[0028] As previously described, the present invention proposes a target tracking method based on the task distinguishing and retrofitting a combination network, and the specific embodiment of the present invention will be described below with reference to the accompanying drawings.
[0029] (1) Overall process
[0030] The present invention proposes a task to distinguish the detection of the joint network to realize video multi-objective tracking. The task distinguishes the overall frame map of the joint network figure 1 As shown, three parts: (1) backbone network; (2) multi-feature fusion network; (3) multi-task branch. These three parts are also three steps of the present invention proposed.
[0031] For the current frame of the input, first utilize the DLA backbone network (such as attached figure 2 As shown) Extract sharing features for target detection tasks and target retrieve feature extraction tasks in images, the DLA can output a feature map of 1 to N. The lower the characterization of the lower layer, can better retain the low-level information in the original map, such as edge, texture, spatial distribution, etc., which is more advantageous for the target detection task that needs to be judged; the feature map space information of the higher layer is gradually lost. The high-level semantic information related to the re-identification task is gradually prominent, and it is more suitable for the confirmation of the target identity. Therefore, the present invention proposes to selectively learn the appropriate features based on the task characteristics, and use it as an input to subsequent multi-character fusion networks.
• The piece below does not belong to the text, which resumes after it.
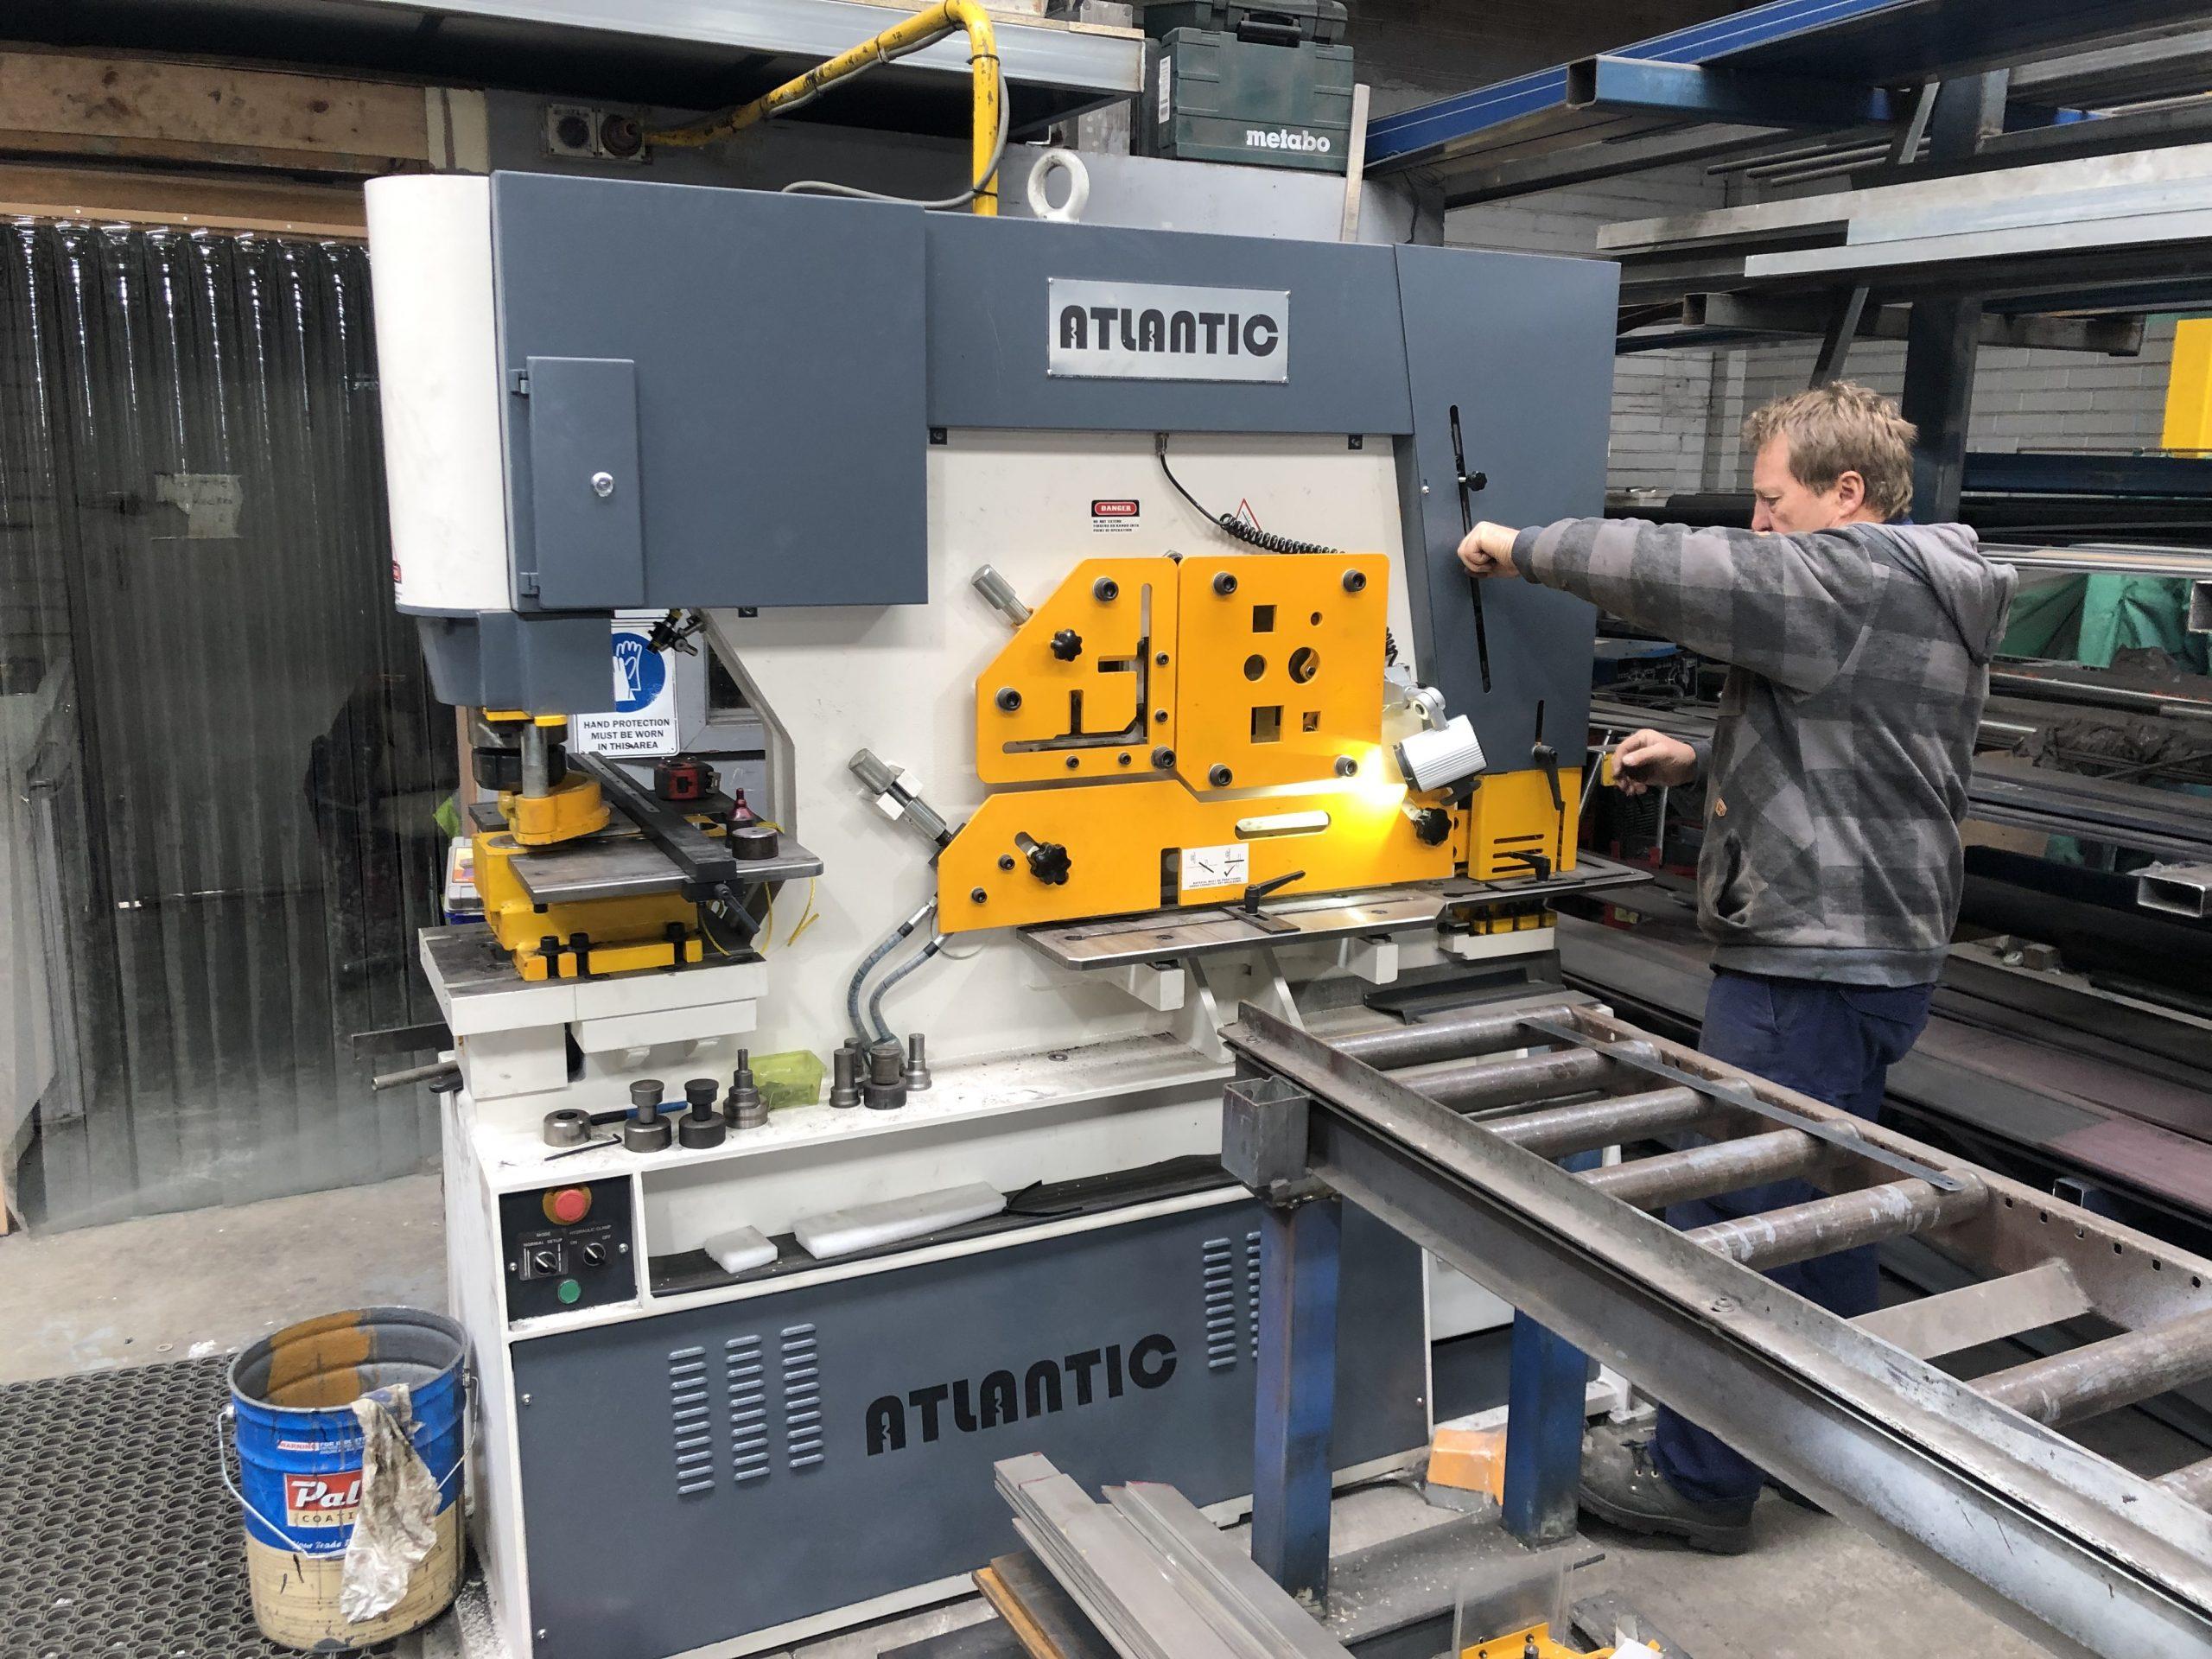 Kingsland Atlantic Multi 125 Iron Worker For Sale In Australia 2
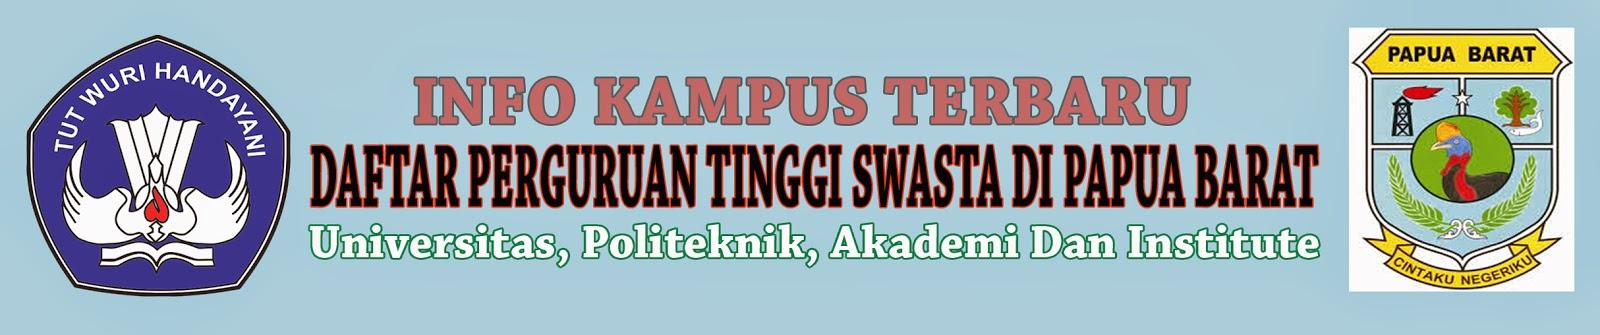 Daftar Perguruan Tinggi Swasta Di Papua Barat

[0032] In a multi-feature fusion network, a targeted fusion is performed according to the different tasks. Specifically, for the target detection task, it is considered that it is more concerned with the target position, the accuracy of the positioning requires more low-level features, so the fusion stage 1 to stage M (M image 3 As shown, when using the IDA module to make a multi-scale feature chart link, it is necessary to perform the upper and lower resolution characteristics, and the interpolation and polymerization of the feature is iteratively, and the characteristics of the plurality of stages are integrated from shallow to deeply. The high-resolution feature of the deeper decoder, the final output depth fusion, the input of the task branch as a subsequent target detection and retrieve feature extraction task branch. DLA outputs 1 to N different stages, n is preferably 4. In a multi-feature fusion, the target detection task fusion phase 1 to the feature map of phase M, M is preferably 3; the target re-identification feature extraction task fusion stage 1 to stage N is characterized, N is preferably 4.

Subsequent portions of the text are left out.